No. PAX uses DD and other applications as validation corpora, but core compiler
and runtime logic are expected to stay neutral and reusable.

### Does PAX guarantee Rust-like speed for all Perl code?

No. The target is to package the whole application correctly and accelerate hot
paths that PAX can prove are safe to specialize. Dynamic regions still use
fallback execution.

### Does `pax run` require a separate app server?

No. Under SOW-03, `pax run` builds the standalone executable and then runs that
binary directly.

### Can PAX build web applications with embedded static assets?

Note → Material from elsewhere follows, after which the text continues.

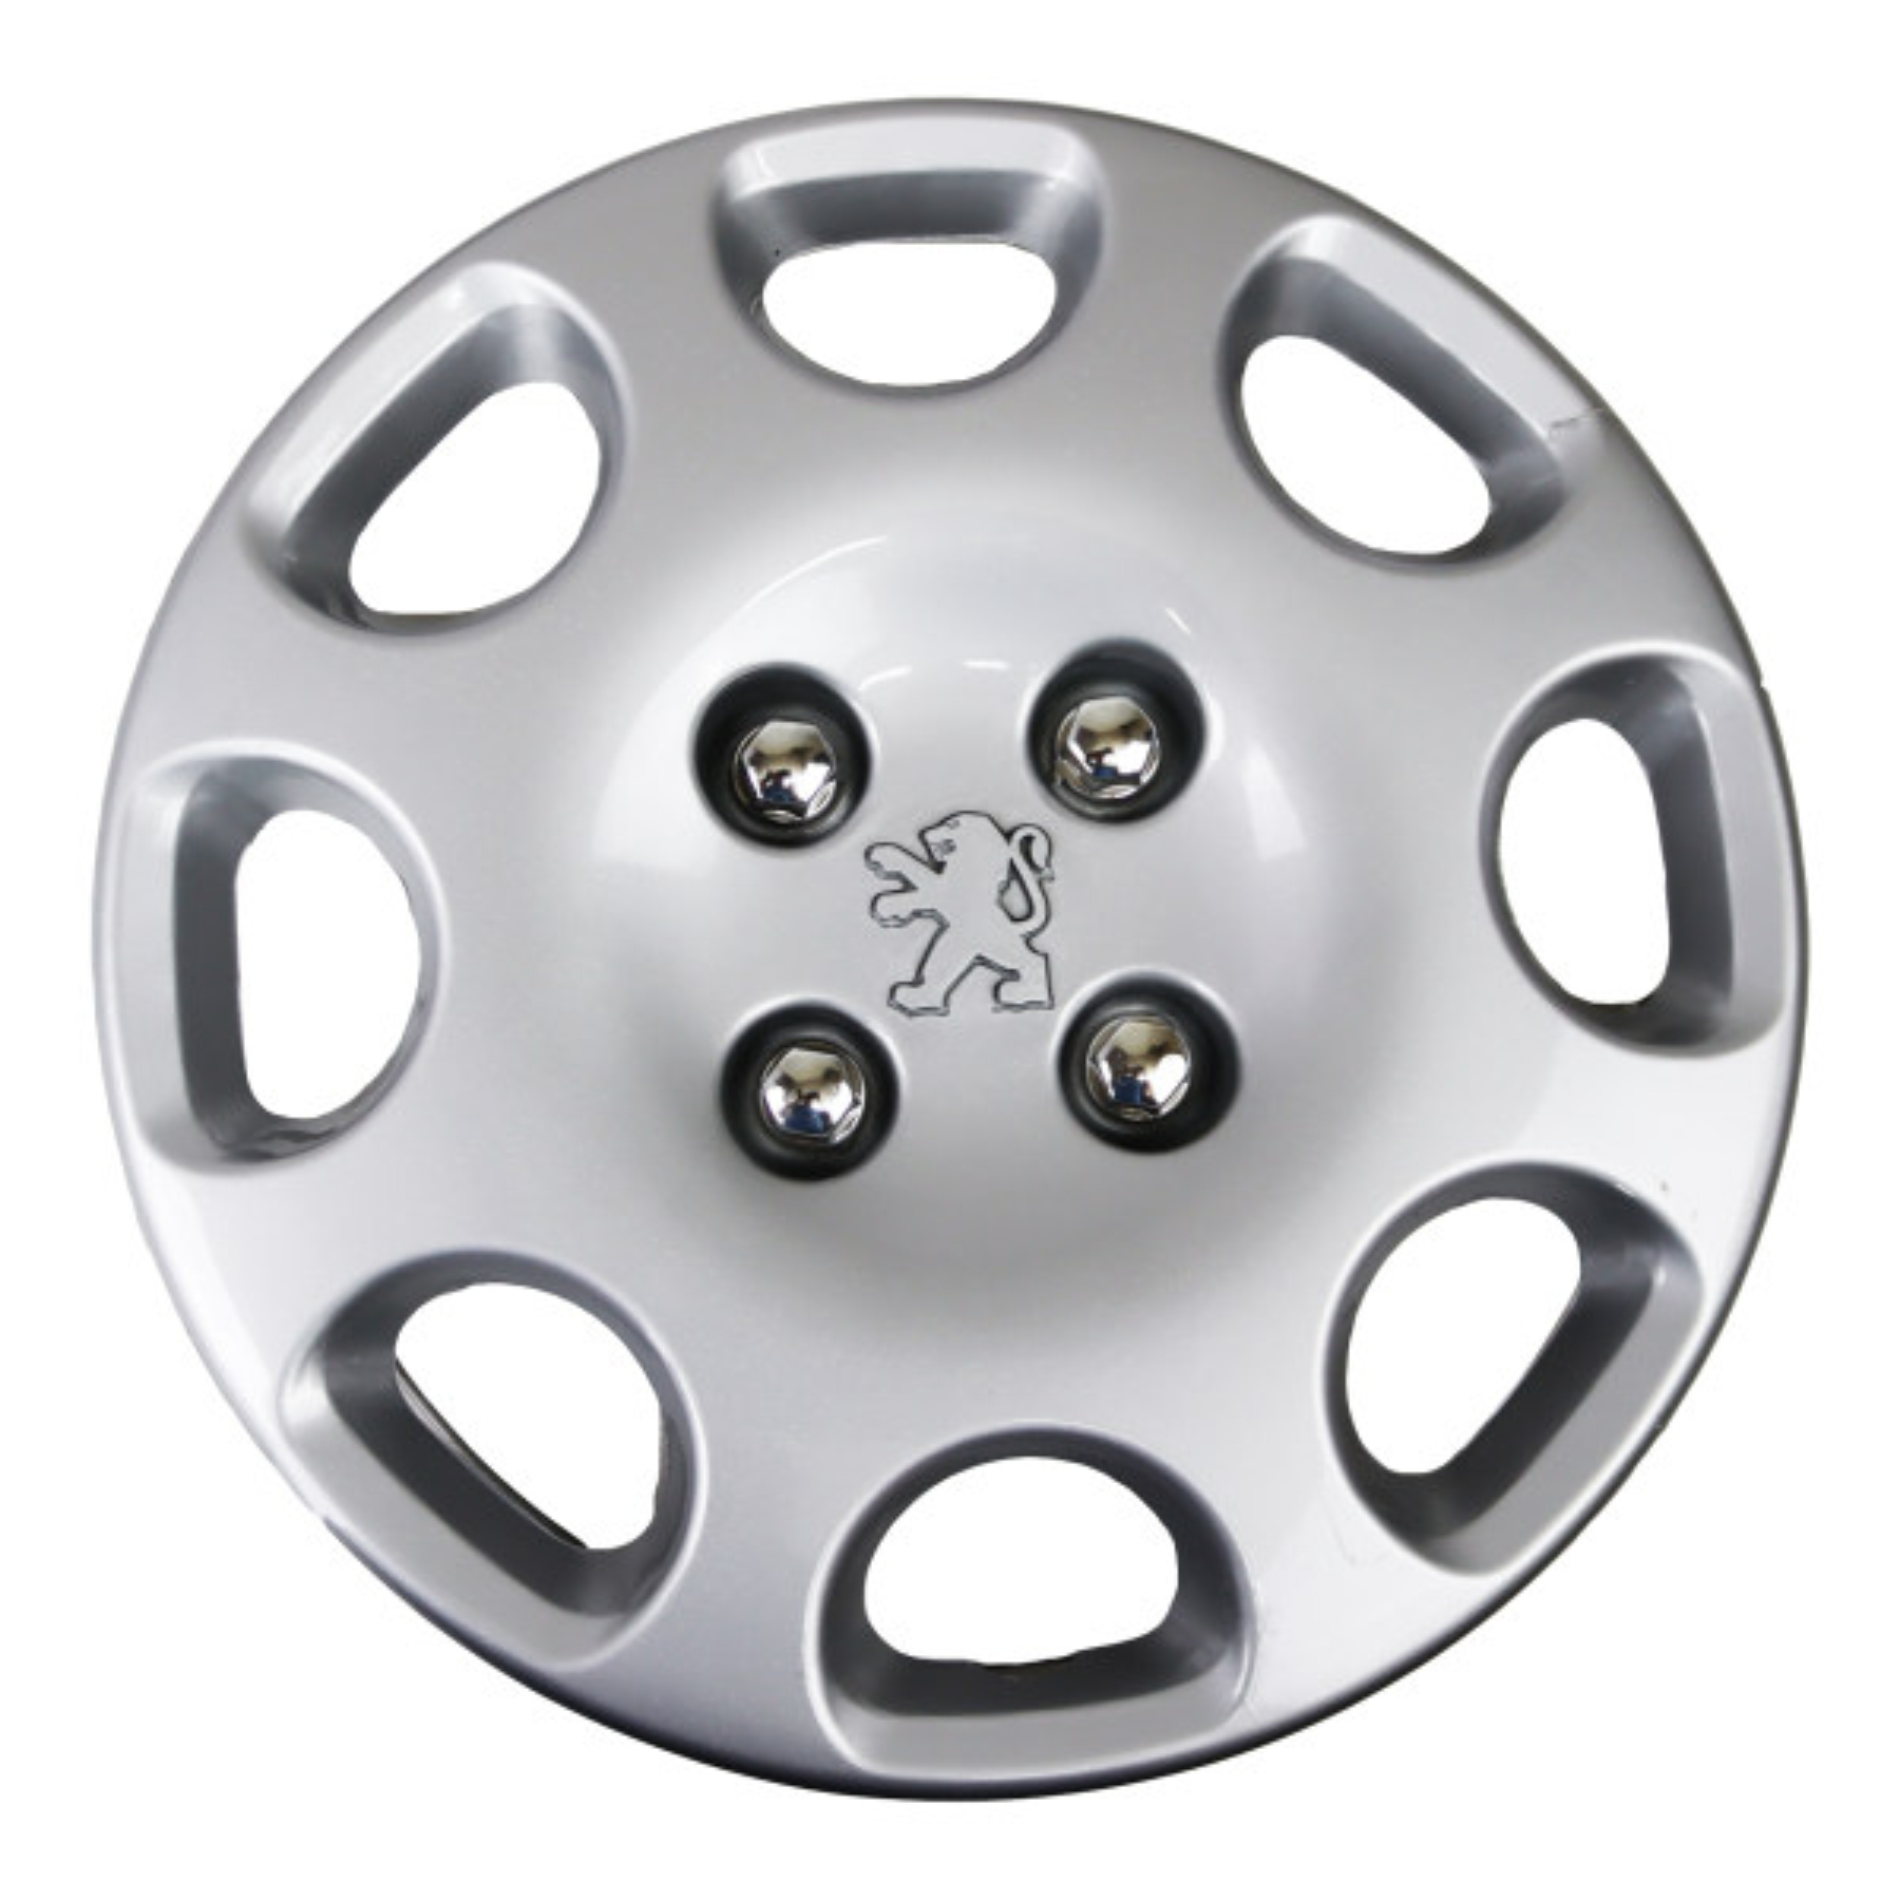 قالپاق چرخ سوشیانت مدل GH-01 سایز 14 اینچ مناسب برای پژو 206

Yes. The validated packaging path includes templates, CSS, JavaScript, and
framework code embedded into one standalone executable.

## Repository Map

- `bin/pax`: public command entrypoint.
- `lib/PAX/`: compiler, packager, loader, runtime, and validation modules.
- `t/`: unit, behavior, and acceptance tests.
- `examples/`: neutral examples used to validate packaging behavior.
- `paxfile.yml`: neutral example build manifest.

## Documentation Rule

PAX documentation follows the DD-style parity rule recorded in
`docs/pax-doc-parity.md`: document the product as both an operator manual and a
main architecture reference, not just as a command list.

## Contributor Rules

- Keep PAX project-neutral.
- Turn project-specific lessons into reusable compiler/runtime rules.
- Keep `README.md` and `lib/PAX.pm` aligned.
- Update POD and tests with behavior changes.
- Run the gates before treating a release build as complete.